Arabella drew in a slow breath, steadying herself before releasing it again. “Then I shall prepare them,” she said. “I will not allow this to harm her. Or James. Or their household.”

Gwen regarded her for a long moment, then nodded. “You are very certain.”

“I think I should be at this point,” Arabella replied. “There is nothing that can be said or done to undo this.”

Gwen allowed the silence to settle briefly before shifting the conversation toward more practical matters. “There will be much to arrange,” she said. “The license, the ceremony, the announcements. It will need to be done quickly.”

Arabella rose slowly, her hand slipping free as William was guided back toward his nursemaid. “Yes,” she said, her thoughts already moving ahead. “I imagine there will be little time for… anything else.”

Gwen’s gaze lingered on her. “You may find that time presents itself regardless.”

Arabella did not respond immediately.

Her mind had already begun to turn toward the man at the center of it all. Toward the way he had spoken. The way he had withdrawn. The things he had not said.

“I wonder,” she said at last, more quietly now, “if I shall ever truly know him.”

The question remained between them, unanswered.

And though the day continued, filled with preparations and quiet discussions of what must come next, Arabella found that the thought did not leave her.

Not even for a moment.

CHAPTER 7

“You will tell me this is a poor attempt at humor.”

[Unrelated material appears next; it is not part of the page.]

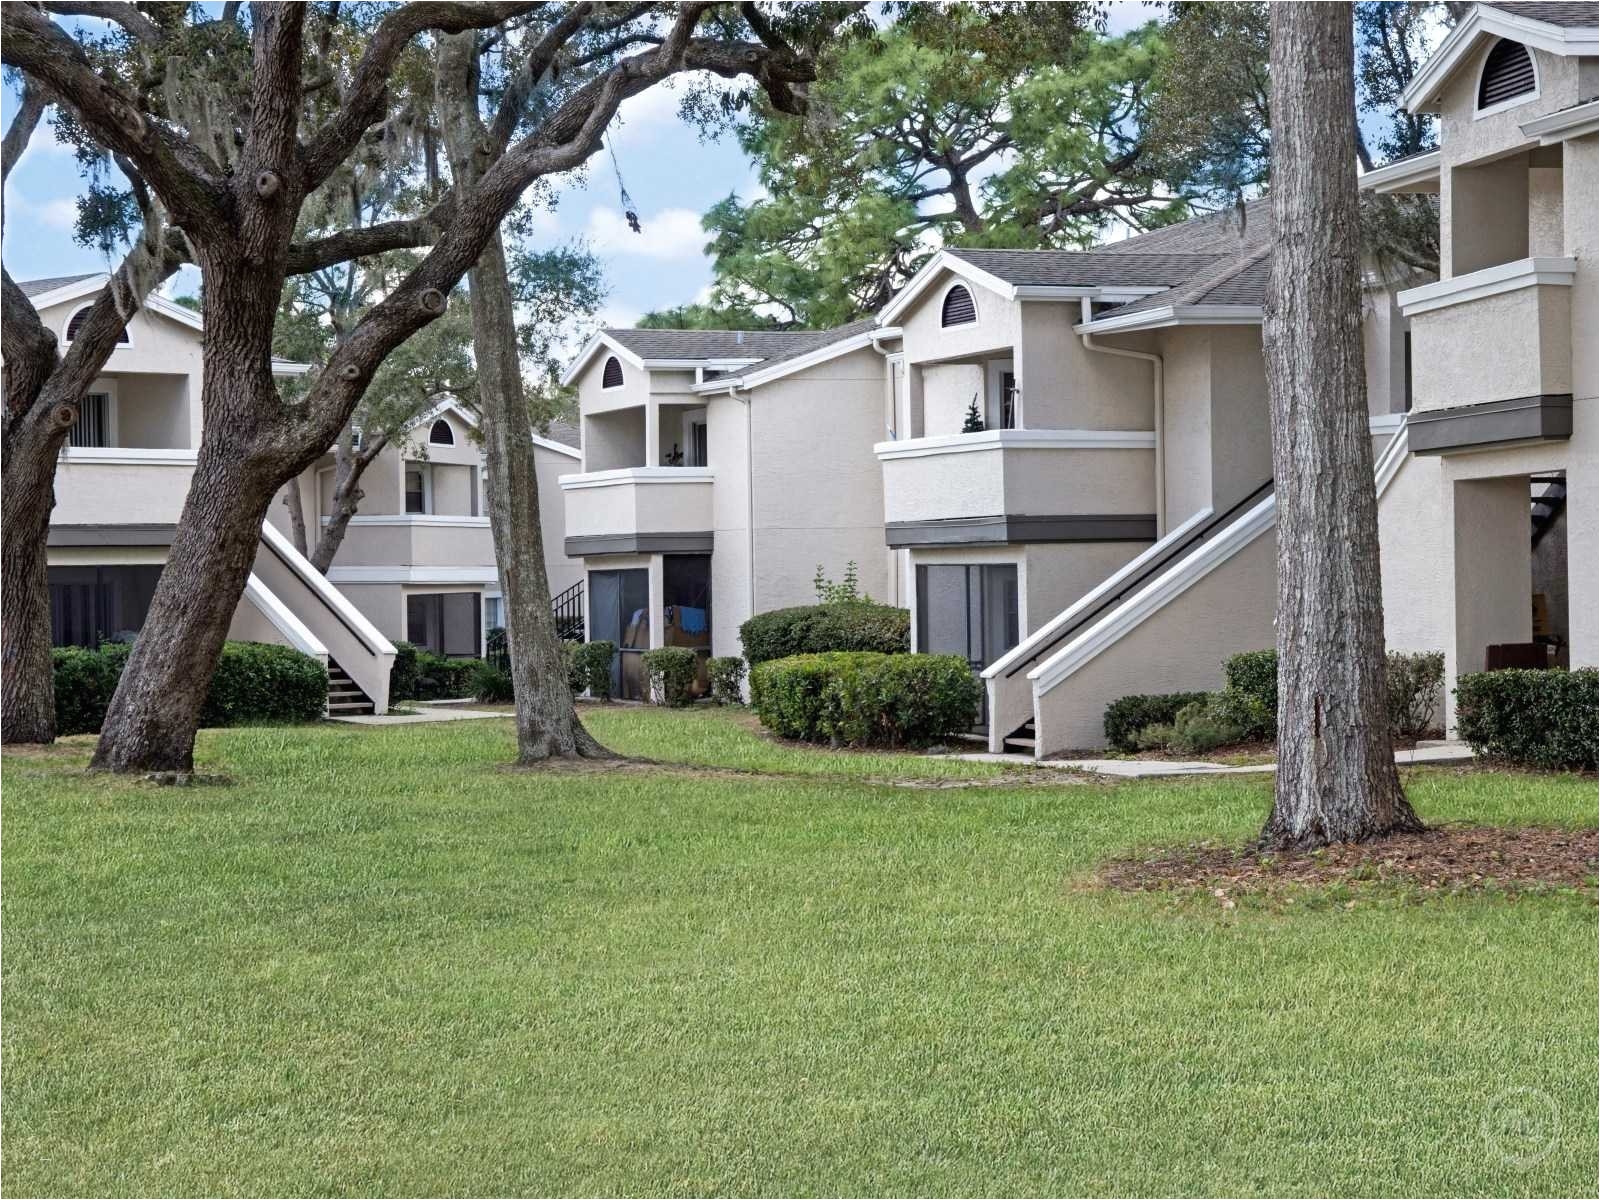 winter garden fl apartments fresh apartments winter garden fl awesome the park at highgate apartments of

The study door struck the wall with more force than necessary before swinging back on its hinges, the latch catching with a dull click. Maxwell did not rise from behind his desk. He remained seated, one hand resting against a stack of neatly ordered papers, the other loosely holding a letter that had already been opened and set aside once before. Roderick crossed the length of the room without waiting to be announced, his boots muffled by the thick rug, his coat still dusted from travel.

The door had barely closed behind him before the question was thrown between them, sharp and immediate, carrying none of the usual ease that marked Roderick’s presence.

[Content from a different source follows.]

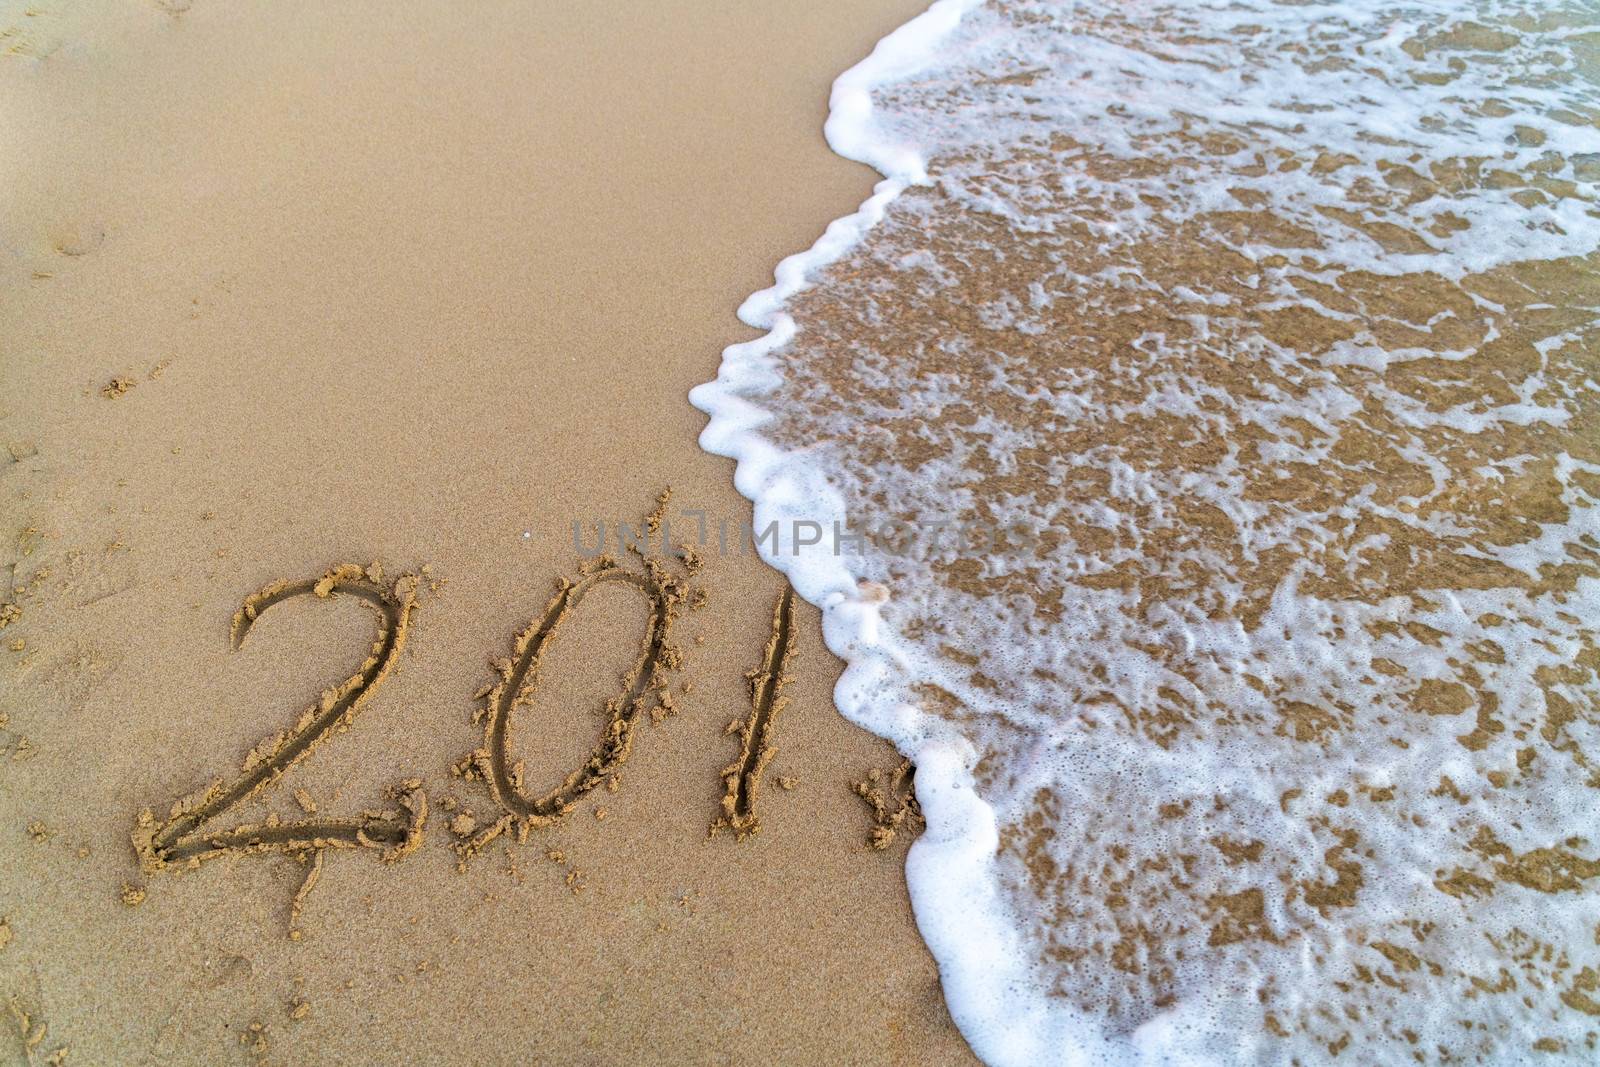 The 2018 written on the sand while the wave is cancelling the 8 symbolising the coming end of the year.

“It is not,” Maxwell replied.

Roderick stopped a few feet from the desk, his shoulders still lifted from the momentum of his entrance. His expressiontightened in a way Maxwell had seen only rarely, his jaw shifting as he drew in a measured breath. “You are engaged,” he said, as though testing the words for weakness. “To Miss Arabella Barker?”

“Yes.”

“To be married within days?”

“Yes.”

The fire cracked softly in the hearth to Maxwell’s right, the only interruption to the brief silence that followed. Roderick dragged a hand through his hair, pushing it back from his forehead before letting it fall again, slightly disordered now. “And you thought a letter would suffice?”

Maxwell set the folded paper aside with deliberate precision, aligning it with the others. “It conveyed the necessary information.”

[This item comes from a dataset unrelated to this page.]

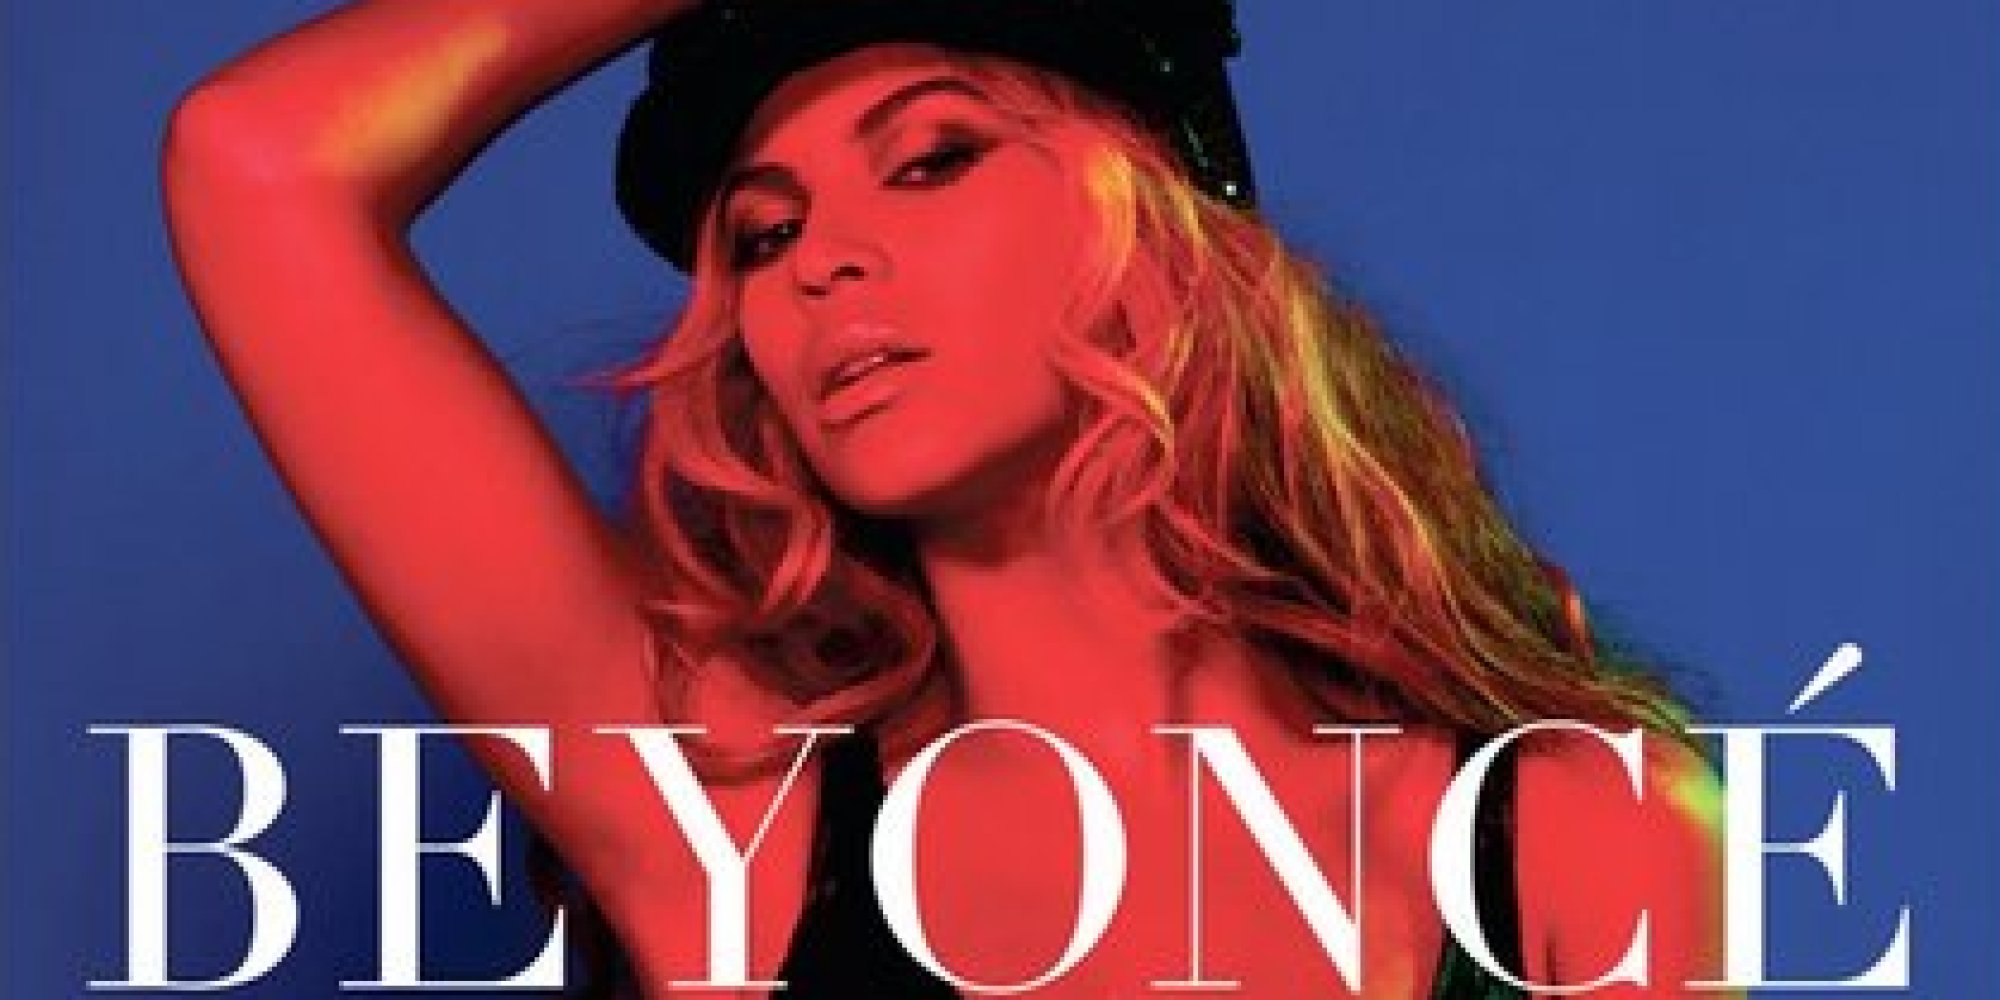 Beyonce Calendar 2014 Is Now Available For All The Single Ladies HuffPost

“It conveyed nothing of consequence,” Roderick shot back, stepping closer. His gloved hand came down briefly against the edge of the desk, not striking it, but firm enough to signal restraint. “You wrote to inform me that the lady I entrusted to your care is now to become your wife, and you expect me to accept it without question.”

Maxwell’s gaze lifted then, steady and unyielding. “You may question it,” he said. “It will not alter the outcome.”

Roderick held his stare for a moment longer, then turned away with a short, incredulous breath that bordered on a laugh but carried no humor. He paced toward the window, pulling the curtain aside with two fingers to glance out before letting it fall again. “You always did have a remarkable way of presenting disaster as inevitability,” he said. “Explain it.”

Maxwell leaned back slightly in his chair, the wood giving a faint creak beneath his weight. “There is little to explain. Circumstances required a resolution. Marriage was the most effective solution.”